Using the Apache OpenOffice API (based on UNO) is a much better way, since it solves the technical problems indicated in the last paragraph. The UNO component technology insulates the filter from binary layout (and other compiler and version dependent issues). Additionally, the API is expected to be more stable than the core interfaces, and it even provides a shallow level of abstraction from the core applications. In fact, the native XML filter implementations largely make use of this strategy and are based on the Apache OpenOffice API.

The third (and possibly surprising choice) is to import and export documents using the XML based file format. UNO-based XML import and export components feature all of the advantages of the previous method, but additionally provides the filter implementer with a clean, structured, and fully documented view of the document. As a significant difficulty in conversion between formats is the conceptual mapping from the one format to the other, a clean, well-structured view of the document may turn out to be beneficial.

The Innards of an OpenOffice.org Filter Component

First, we will try to get an overview of the import and export process using UNO components. Let's first attempt to gain a view of...

The Big Picture

An in-memory Apache OpenOffice document is represented by it's document model. On disk, the same document is represented as a file.

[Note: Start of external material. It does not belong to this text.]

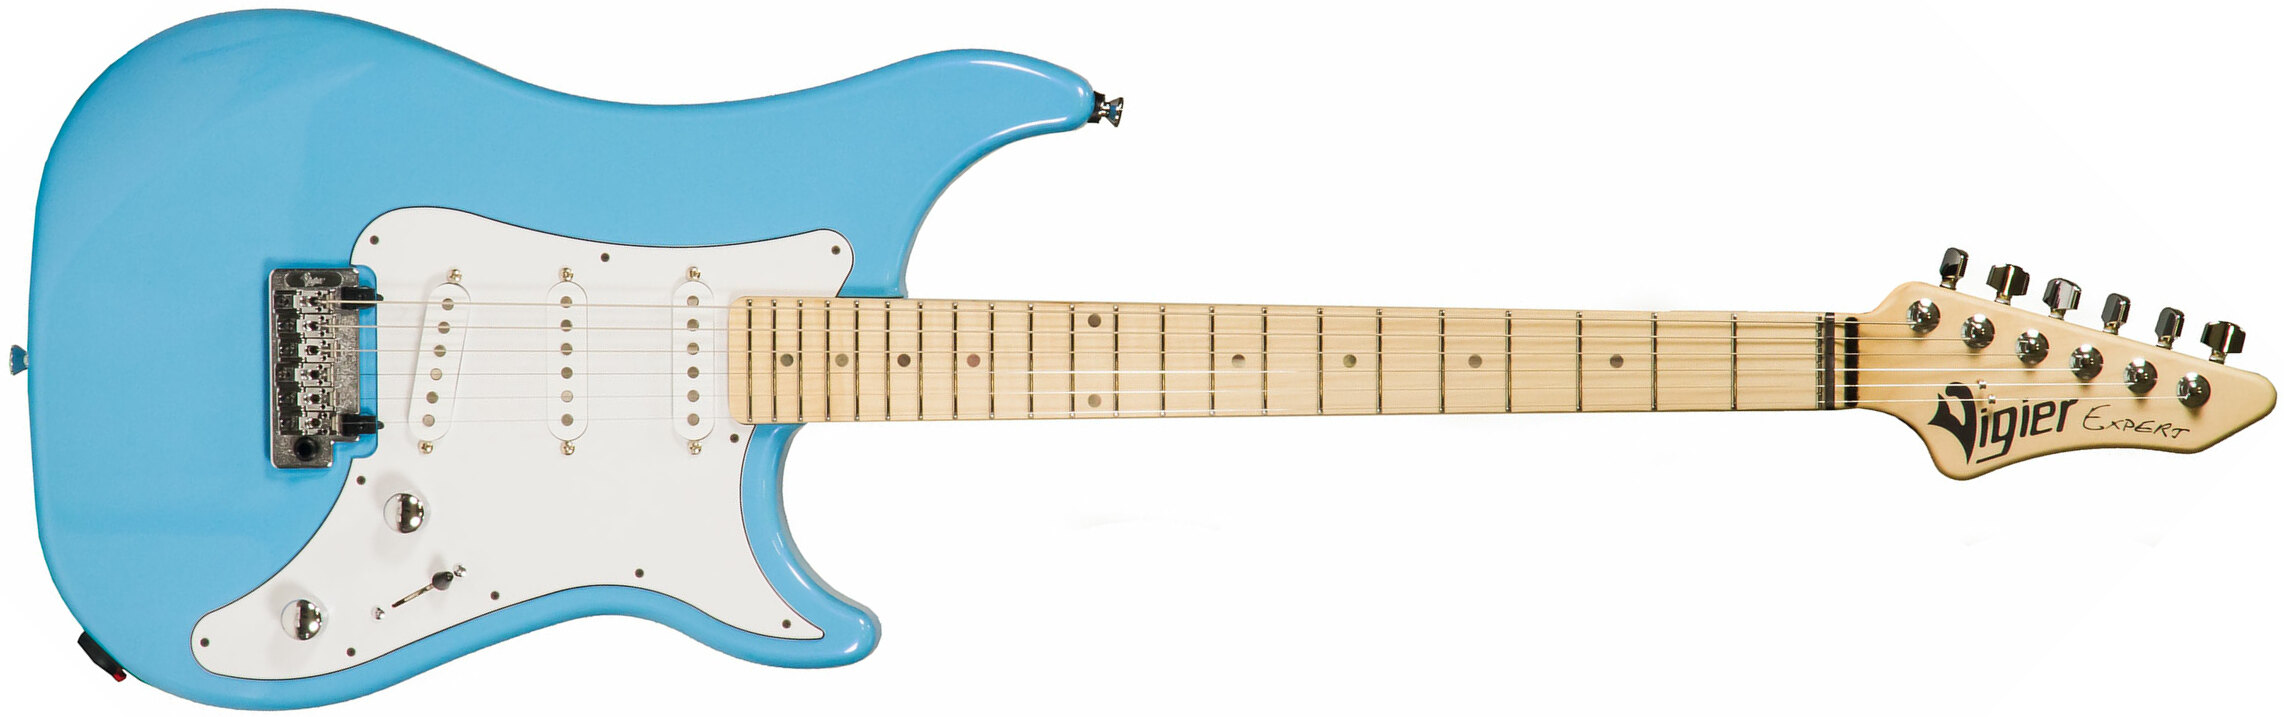 Vigier Expert Classic Rock Sss Trem Mn - Normandie Blue - Elektrische gitaar in Str-vorm - Main picture

An import component must turn the latter into the former as shown by the diagram (Illustration 1).

Illustration 1: a generic import filter

If you make use of UNO, this diagram can be turned into programming reality quite easily. The three entities in the diagram, (the file, the model, and the filter) all have direct counterparts in UNO services. The services themselves may consist of several interfaces that finally map into C++ or Java classes. The following diagram annotates the entities with their corresponding services and interfaces:

Illustration 2: services and interfaces used by an import filter

In Illustration 2 (and all following illustrations) the gray part marks the part a filter implementer will have to program, while the white parts are already built into Apache OpenOffice.

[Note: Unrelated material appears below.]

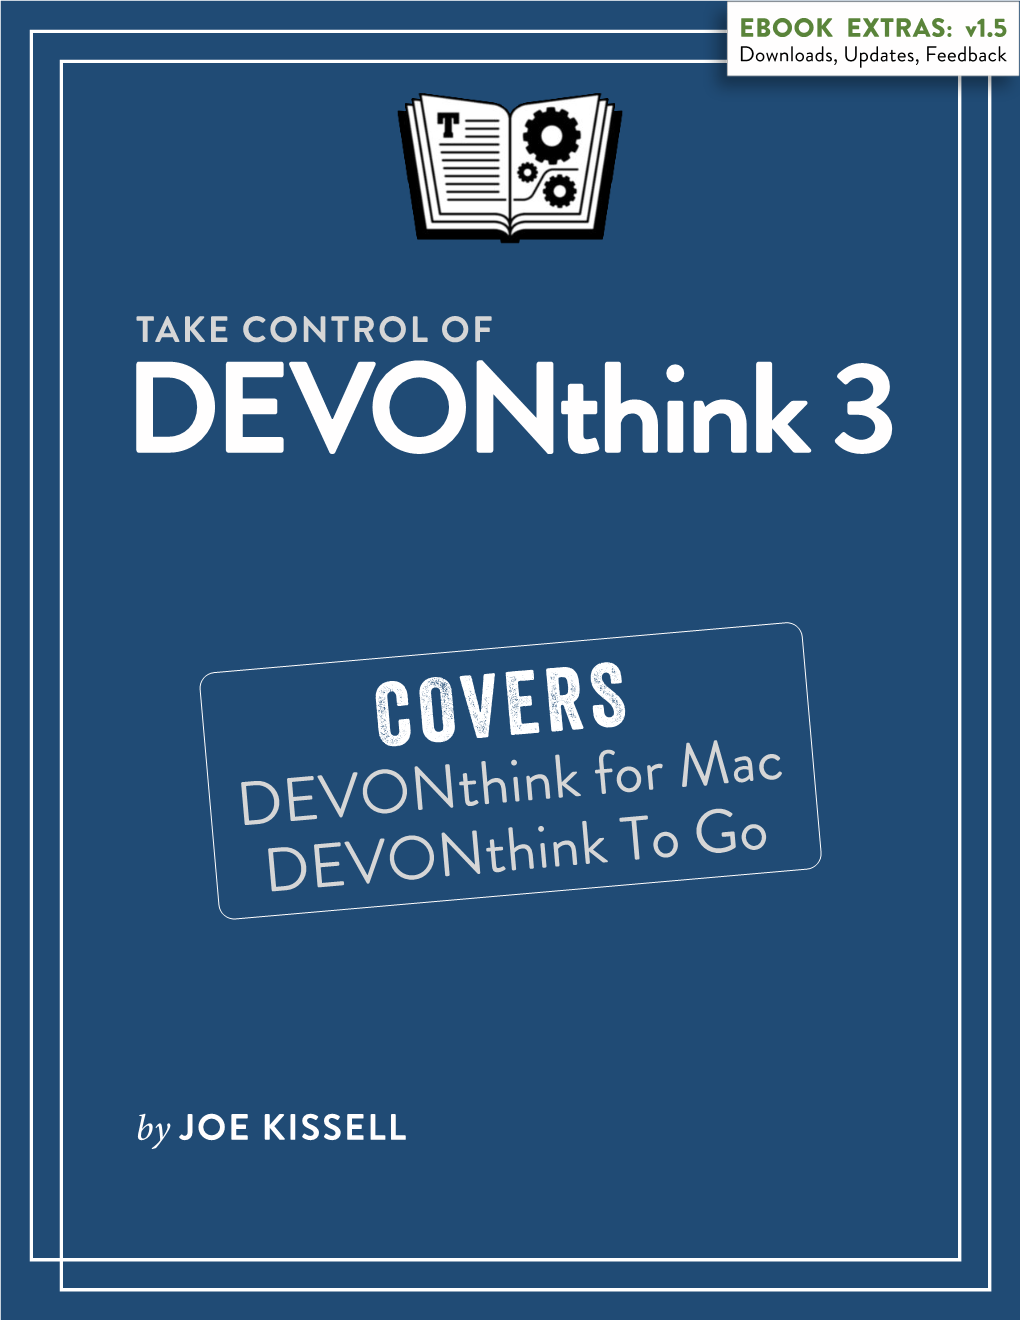 Take Control of Devonthink 3 (1.5)

If the implementer decides to make use of the Apache OpenOffice API directly, this diagram is the proper starting point: The filter writer must create a class that implements the ImportFilter service. To achieve this, the InputStream must be obtained from the MediaDescriptor. The incoming data can then be interpreted, and the Apache OpenOffice document can be constructed by calling the appropriate methods of the document model. (The available methods of course depend on the kind of document, as described by the document service.)

Where XML Comes In...

If the advantages of an XML based import or export are desired, the filter implementer may make use of the existing XML import and export components. This way, the import logic does not need to deal with the document model itself, but rather generates the document in its Apache OpenOffice XML file format representation. Done in a naive way, such a filter component would generate the XML, write it to file, and then call the built-in XML import to read it again. Since the XML import is based on the SAX API however, a better way exists: The import logic calls the SAX API. Since the XML reader component implements the SAX API, the document thus gets translated from the foreign format into its XML representation and then into the document model without the need to use temporary files, or even to render and subsequently parse an XML character stream.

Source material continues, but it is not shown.